The only persons who were oblivious to the talk were the two lovers.  Their minds were made up.  Father Garola had promised, and they knew exactly what to do, and when and where to do it.  In the meantime the Riva was a pathway of rose-tinted clouds constructed for the especial use of two angels, one of whom wore a straw hat with a red ribbon canted over his sunburnt face, and the other a black shawl with silken fringe, whose every movement suggested a caress.

The one disgruntled person was Francesco.

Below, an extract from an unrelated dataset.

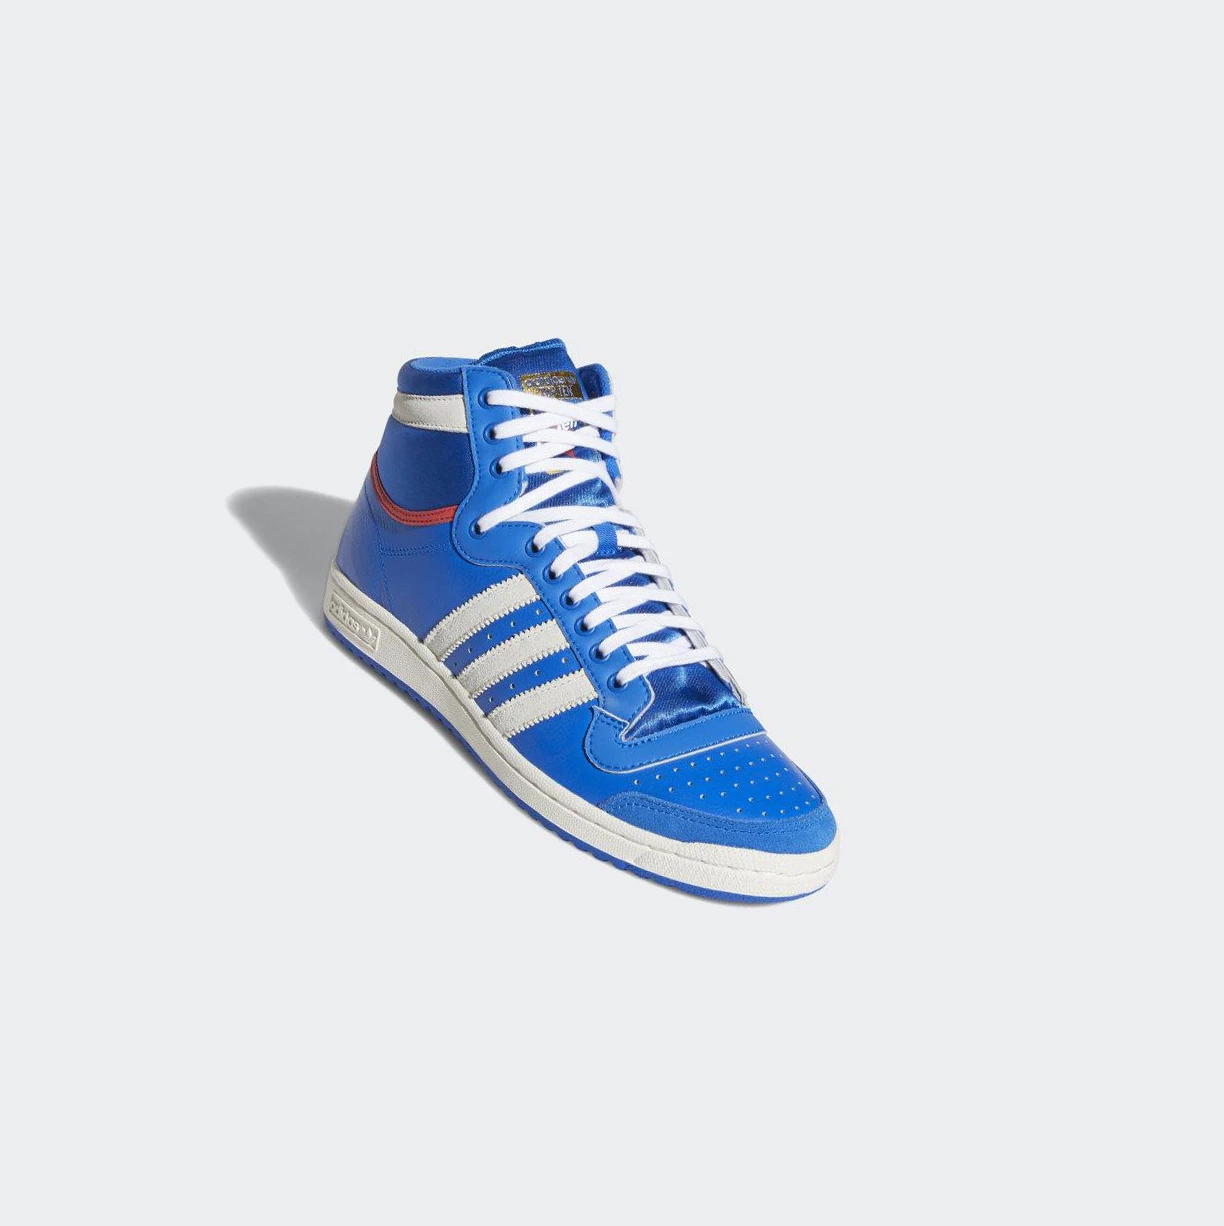 Originálne Topánky Adidas Top Ten Hi Damske Modre | 952SKPQMKVW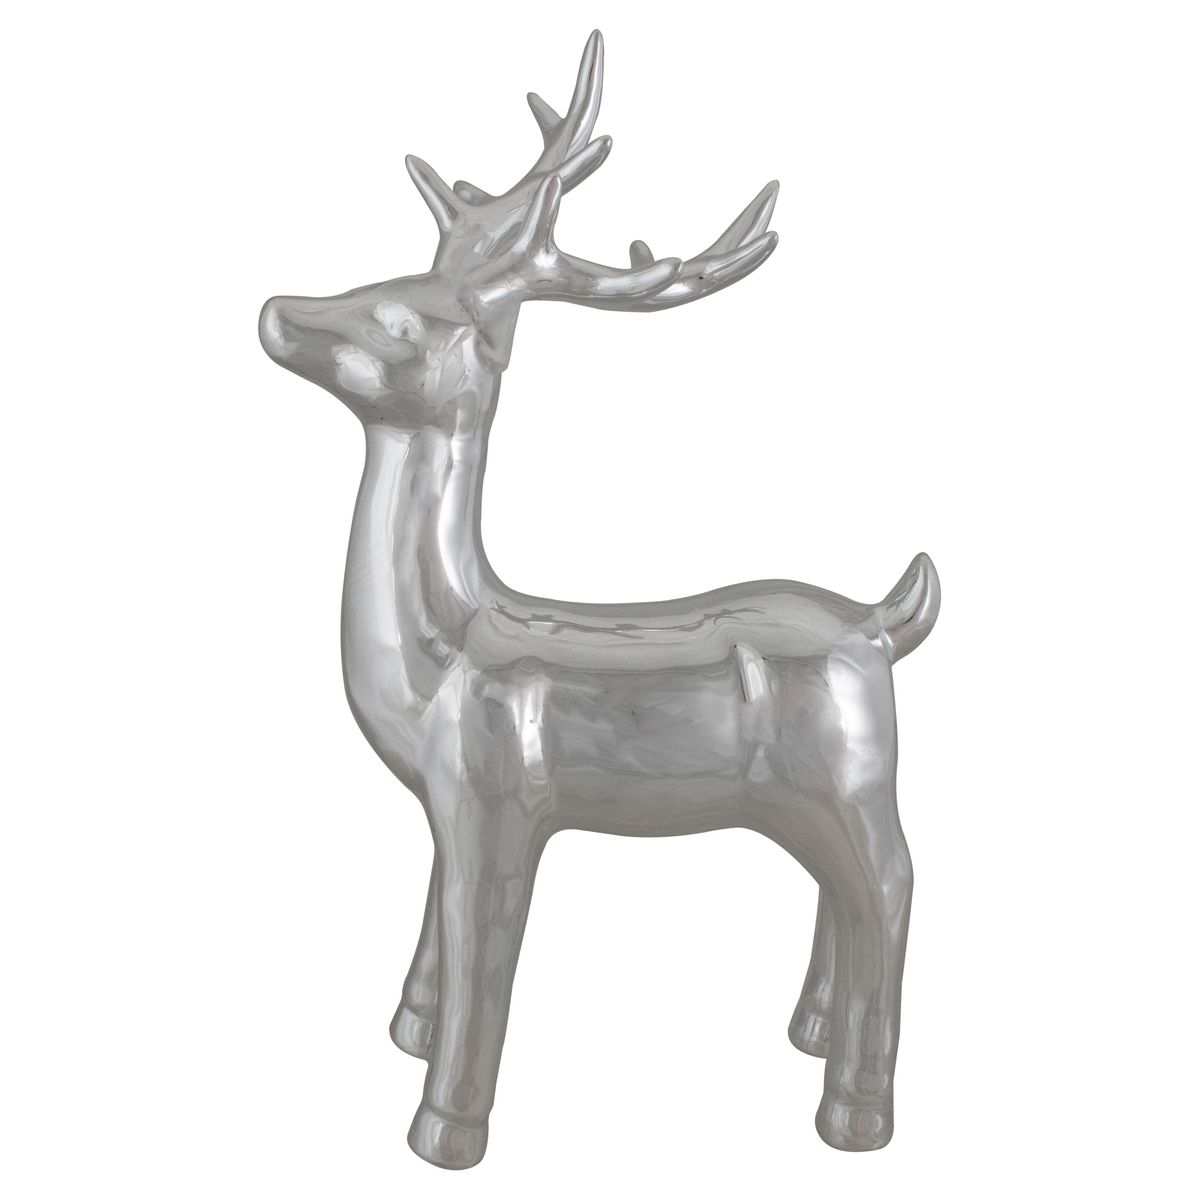 [RDY] [送料無料] 14インチ メタリックシルバー スタンディングトナカイ クリスマステーブルトップ デコール [楽天海外通販] | 14" Metallic Silver Standing Reindeer Christmas Tabletop Decor

He had supposed at first that, like the others, Vittorio would find out his mistake;—­certainly when he looked closely into the pure eyes of the girl, and that then, like the others, he would give up the chase;—­ he not being the first gay Lothario who had been taught just such a lesson.

Loretta’s answer to the schemer, given with a toss of her head and a curl of her lips, closed Francesco’s mouth and set his brain in a whirl.  In his astonishment he had long talks with his father, the two seated in their boat against the Garden wall so no one could overhear.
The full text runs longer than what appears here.